CALL apoc.periodic.iterate(
'
CALL apoc.load.csv("https://docs.google.com/spreadsheets/d/1sFcY7LFBCGXSFG336UPoOf72BBv3bmv_AVaYLxwiV4A/export?format=csv&id=1sFcY7LFBCGXSFG336UPoOf72BBv3bmv_AVaYLxwiV4A&gid=1318941318") YIELD map AS row RETURN row
//LOAD CSV WITH HEADERS FROM "https://docs.google.com/spreadsheets/d/1sFcY7LFBCGXSFG336UPoOf72BBv3bmv_AVaYLxwiV4A/export?format=csv&id=1sFcY7LFBCGXSFG336UPoOf72BBv3bmv_AVaYLxwiV4A&gid=1318941318" AS row RETURN row
','
WITH CASE
	WHEN NOT row.Year IS NULL THEN collect(row.URL)
    END AS fileURLs
UNWIND fileURLs AS fileURL
CREATE (url:URL {url: fileURL})
',
{batchSize: 100, parallel:false})

(Stefan Armbruster) #4

My suspicion is there might be a bug causing apoc.periodic.iterate not to clean up things propertly. Most people using that procedure use it only once per transaction. In your code, you're calling it multiple times.

It would be cool if you could reproduce this in a minimal example and file a github ticket for it.


(Michael McKenzie) #5

If you run the snippet of code you just looked at:

CALL apoc.periodic.iterate(
'
CALL apoc.load.csv("https://docs.google.com/spreadsheets/d/1sFcY7LFBCGXSFG336UPoOf72BBv3bmv_AVaYLxwiV4A/export?format=csv&id=1sFcY7LFBCGXSFG336UPoOf72BBv3bmv_AVaYLxwiV4A&gid=1318941318") YIELD map AS row RETURN row
//LOAD CSV WITH HEADERS FROM "https://docs.google.com/spreadsheets/d/1sFcY7LFBCGXSFG336UPoOf72BBv3bmv_AVaYLxwiV4A/export?format=csv&id=1sFcY7LFBCGXSFG336UPoOf72BBv3bmv_AVaYLxwiV4A&gid=1318941318" AS row RETURN row
','
WITH CASE
	WHEN NOT row.Year IS NULL THEN collect(row.URL)
    END AS fileURLs
UNWIND fileURLs AS fileURL
CREATE (url:URL {url: fileURL})
',
{batchSize: 100, parallel:false})

this will create set of nodes containing URLs of files I want to import. This is connected to a shared google sheets file.

Then if you try running the original lines of code in this thread:

MATCH (url:URL)
WITH collect(url.url) AS fileURLS
UNWIND fileURLS AS fileURL
WITH fileURL
//RETURN fileURL
CALL apoc.periodic.iterate(
'
CALL apoc.load.csv($url) YIELD map AS row RETURN row
','
MERGE (state:State {id: row.STATE_CODE_001})
ON CREATE SET state.name = row.STATE_CODE_001
',
{batchSize:1000, parallel:false, params:{url:fileURL}}) YIELD batches, total
RETURN batches, total

you will query the nodes to try and load data from the file locations attached to each node. This should let you recreate the issue where you are.

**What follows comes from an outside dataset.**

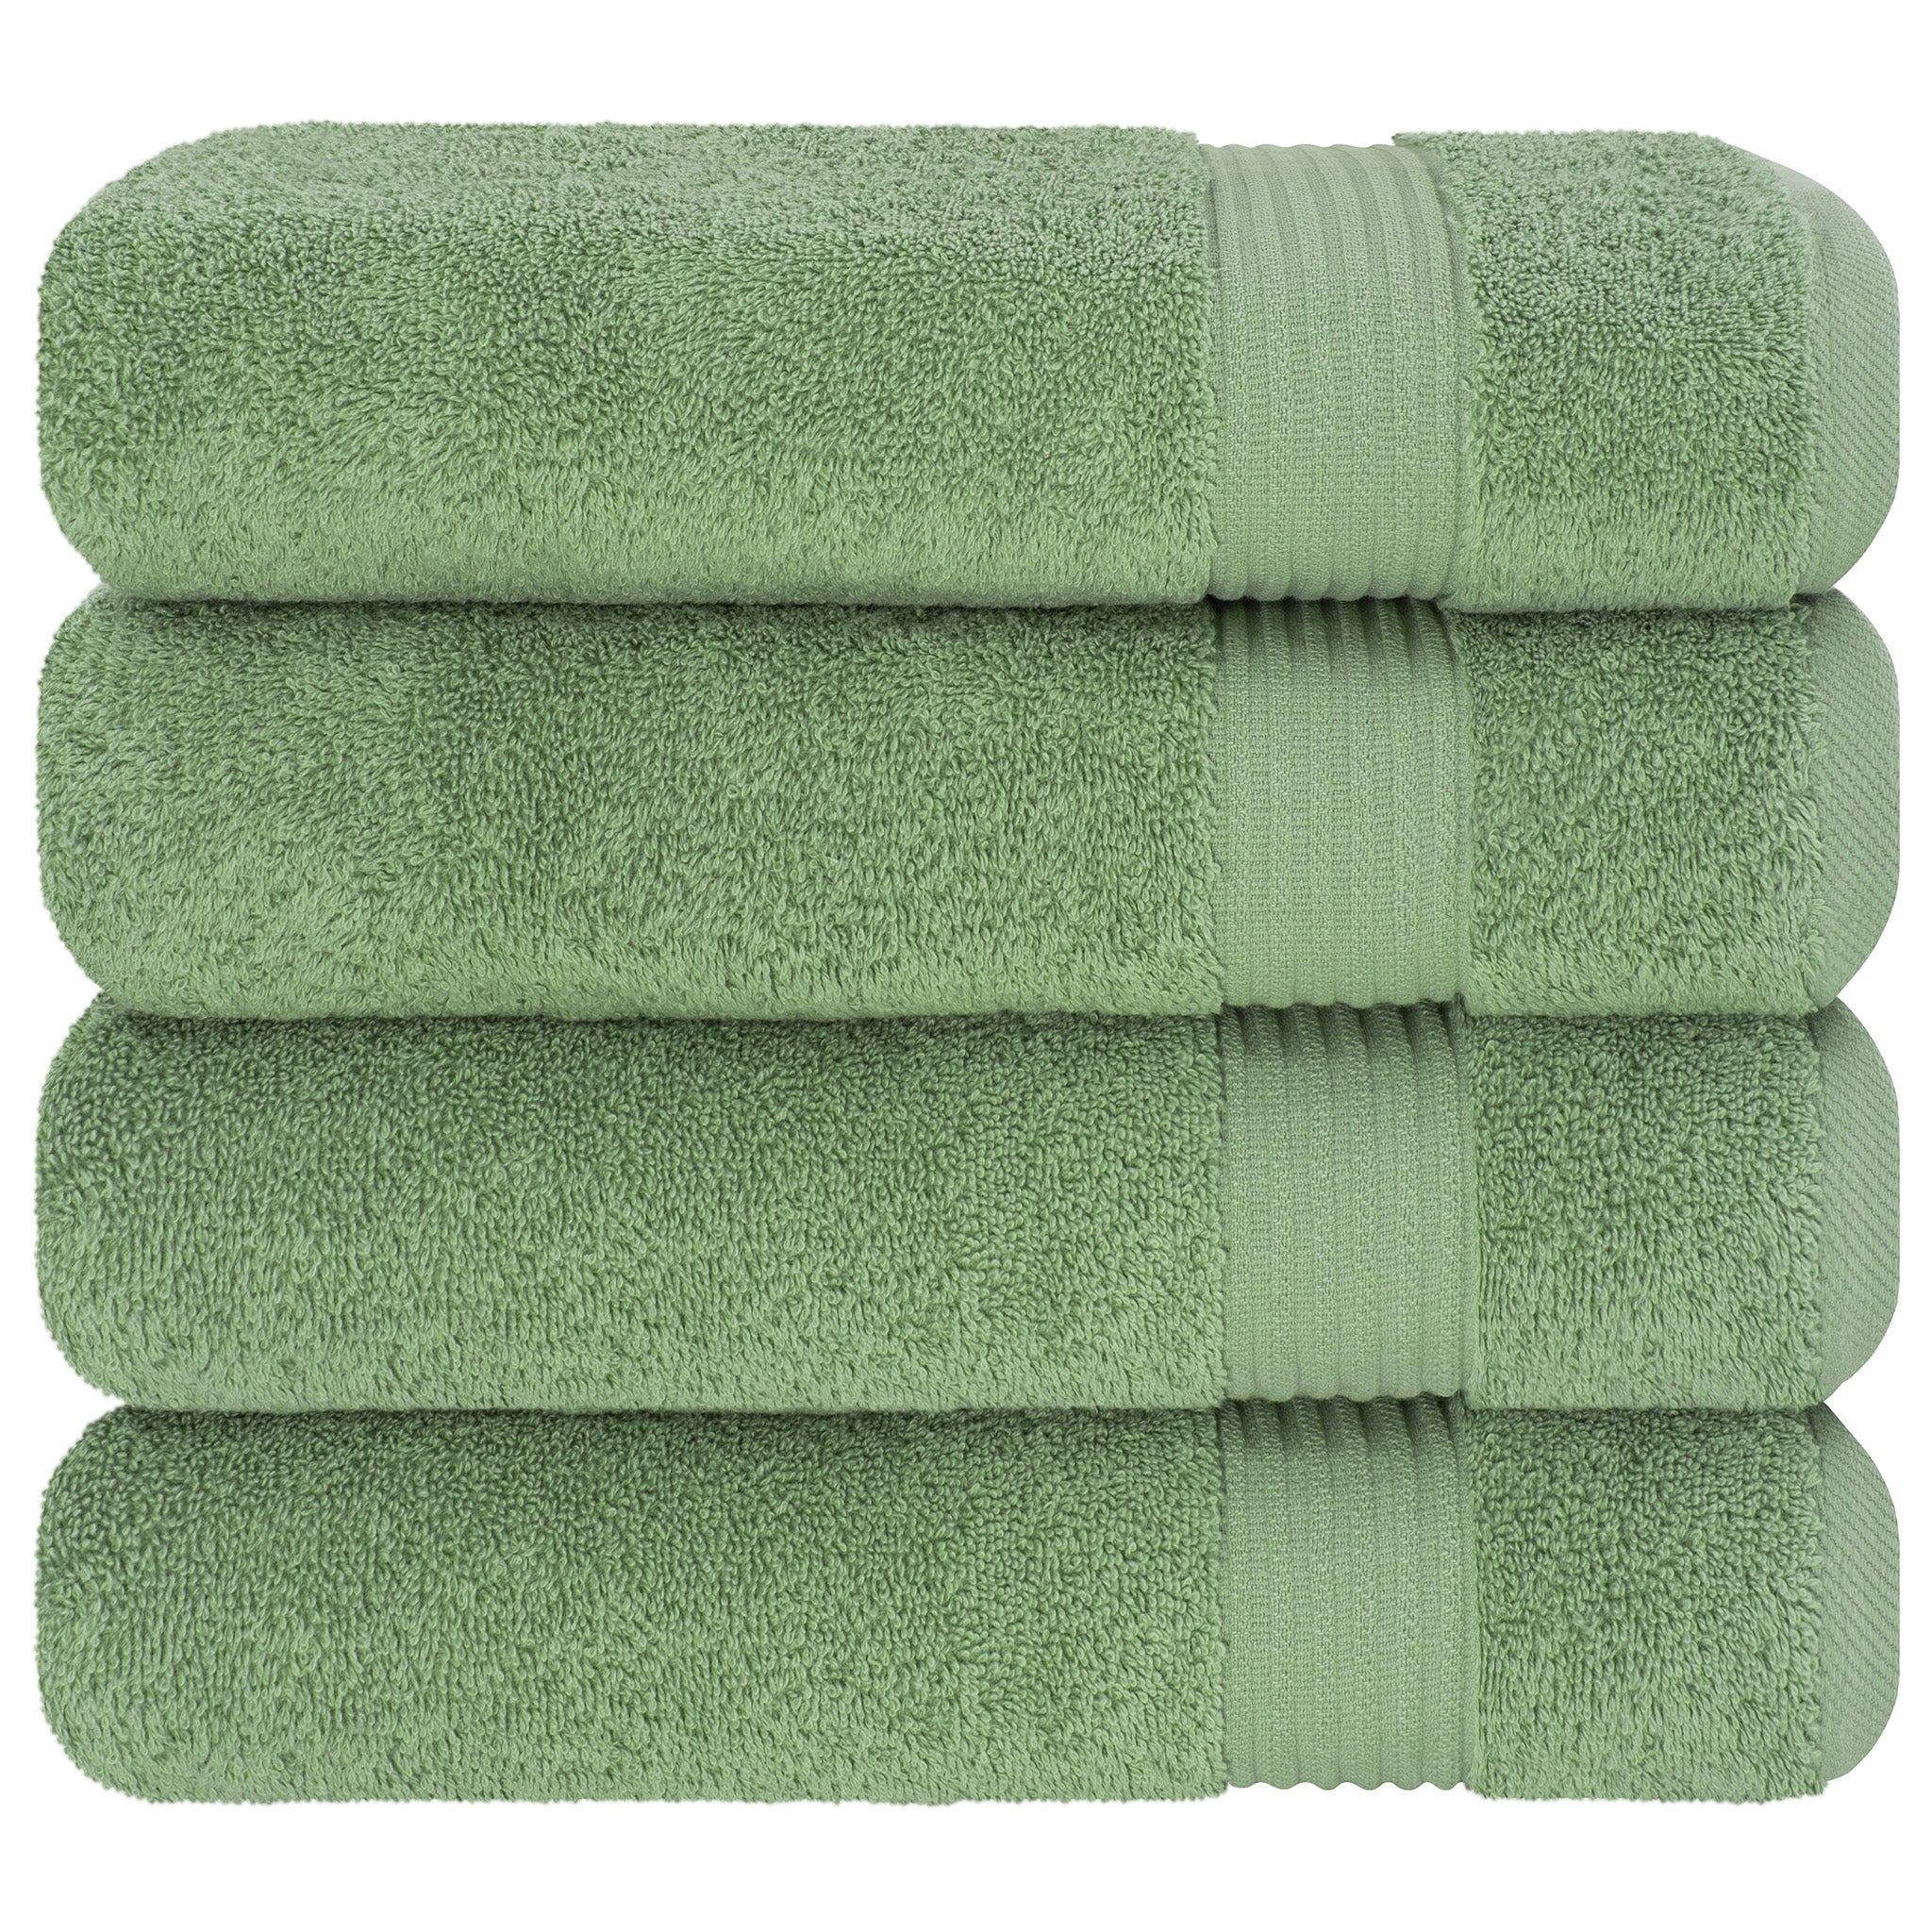 American Soft Linen Bekos 100% Cotton Turkish Towels, 4 Piece Bath Towel Set -sage-green-06

This issue is connected to a previous post I made.

Essentially what I am trying to accomplish is to load a Google Sheets/CSV file containing the web url file locations for large sets of data I want to import.


(Michael McKenzie) #6

@stefan.armbruster I just realized that the CASE statement I use in

CALL apoc.periodic.iterate(
'
CALL apoc.load.csv("https://docs.google.com/spreadsheets/d/1sFcY7LFBCGXSFG336UPoOf72BBv3bmv_AVaYLxwiV4A/export?format=csv&id=1sFcY7LFBCGXSFG336UPoOf72BBv3bmv_AVaYLxwiV4A&gid=1318941318") YIELD map AS row RETURN row
//LOAD CSV WITH HEADERS FROM "https://docs.google.com/spreadsheets/d/1sFcY7LFBCGXSFG336UPoOf72BBv3bmv_AVaYLxwiV4A/export?format=csv&id=1sFcY7LFBCGXSFG336UPoOf72BBv3bmv_AVaYLxwiV4A&gid=1318941318" AS row RETURN row
','
WITH CASE
	WHEN NOT row.Year IS NULL THEN collect(row.URL)
    END AS fileURLs
UNWIND fileURLs AS fileURL
CREATE (url:URL {url: fileURL})
',
{batchSize: 100, parallel:false})

is not working as intended and is likely the culprit of the issue. The Google Sheet that has the list of URLs has NULL because I still have to validate the URL before loading the data. My goal was to ignore this rows with the WITH CASE, but that isn't happening.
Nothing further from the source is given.